# WAGO DALI Klemme 750-641 macht Geräusche



## iwan (13 März 2010)

Hallo Zusammen

Ich habe mir vor kurzem eine WAGO DALI Klemme 750-641 zugelegt.
Im DALI betrieb blinkt jede Sekunde das LED B auf (das muss so sein) und dabei klickt diese wie der zeiger einer Uhr.
Wenn ich z.B. die EVG für die Kurzadressen Scanne klickt es in ganz kurzen abständen bis sie fertig ist.

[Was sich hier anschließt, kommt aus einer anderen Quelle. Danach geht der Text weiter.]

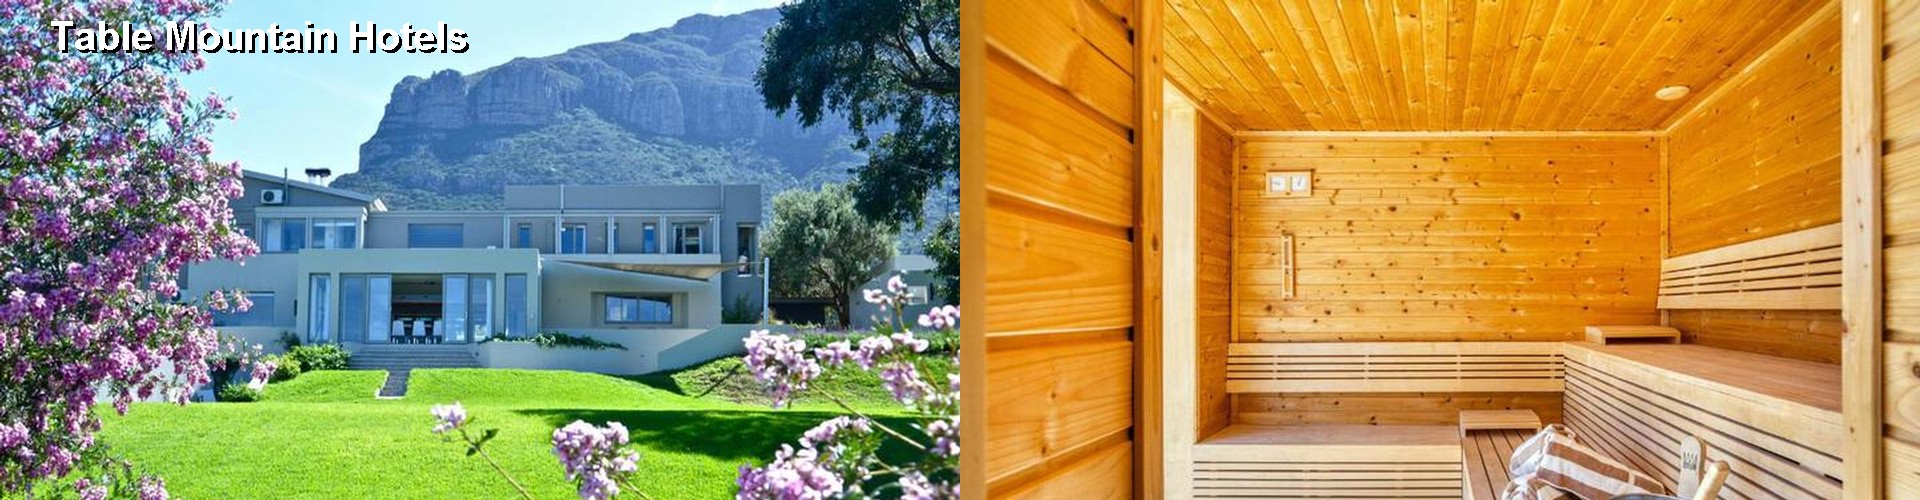 4 Best Hotels near Table Mountain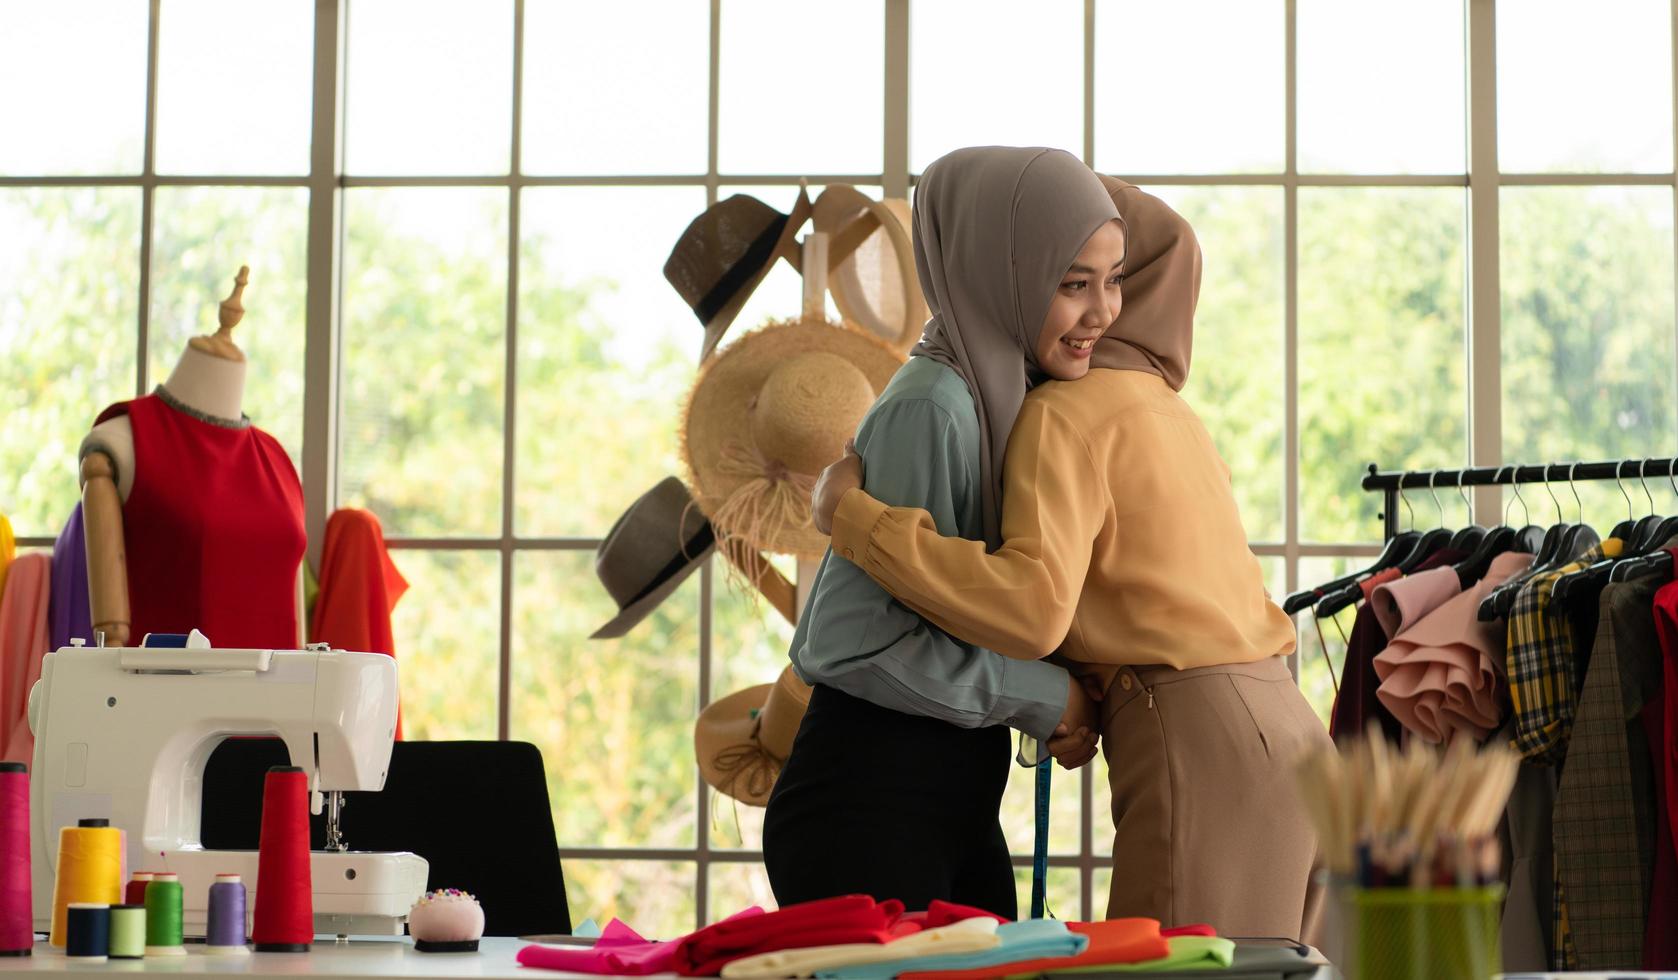 båda muslimska kvinnorna driver ett litet företag i sina egna hem. är design och skräddarsydda kläder. foto

Ist das "normal" bei dieser Klemme oder hat die einen defekt?

Grüsse
Iwan


----------



## Matze001 (13 März 2010)

Hallo,

ich habe auch eine im Einsatz.

Meine "fiept" sogar im Sekundentakt, zusammen mit der LED und tut nun schon einige Wochen wacker ihren Dienst.

MfG

Marcel


----------



## iwan (14 März 2010)

Hallo

Danke für deine Antwort, dann bin ich ja beruhigt...

Gruss
Iwan


----------



## Ralle (14 März 2010)

Matze001 schrieb:


> Hallo,
> 
> ich habe auch eine im Einsatz.
> 
> ...



Nicht vergessen, ab und an etwas Futter davor zu legen, da sitzt ne kleine Maus an einer Tastatur drin und bedient die LED! *ROFL*

Aber ernsthaft, da fragt man sich, ob der Hersteller das nicht gemerkt hat oder ob ihm das wurscht ist!


----------



## Matze001 (14 März 2010)

Ich hab damit keine Probleme!

Der Schaltschrank steht schön weit weg, und wenn ich die Schrankfür doch mal
aufmache weis ich sofort das die kleine Maus noch lebt!

MfG

Marcel


----------



## iwan (14 März 2010)

Bei mir ist das Teil momenta nauf dem Küchentisch und da sind Mäuse eigentlich nicht unbedingt gewünscht ;-)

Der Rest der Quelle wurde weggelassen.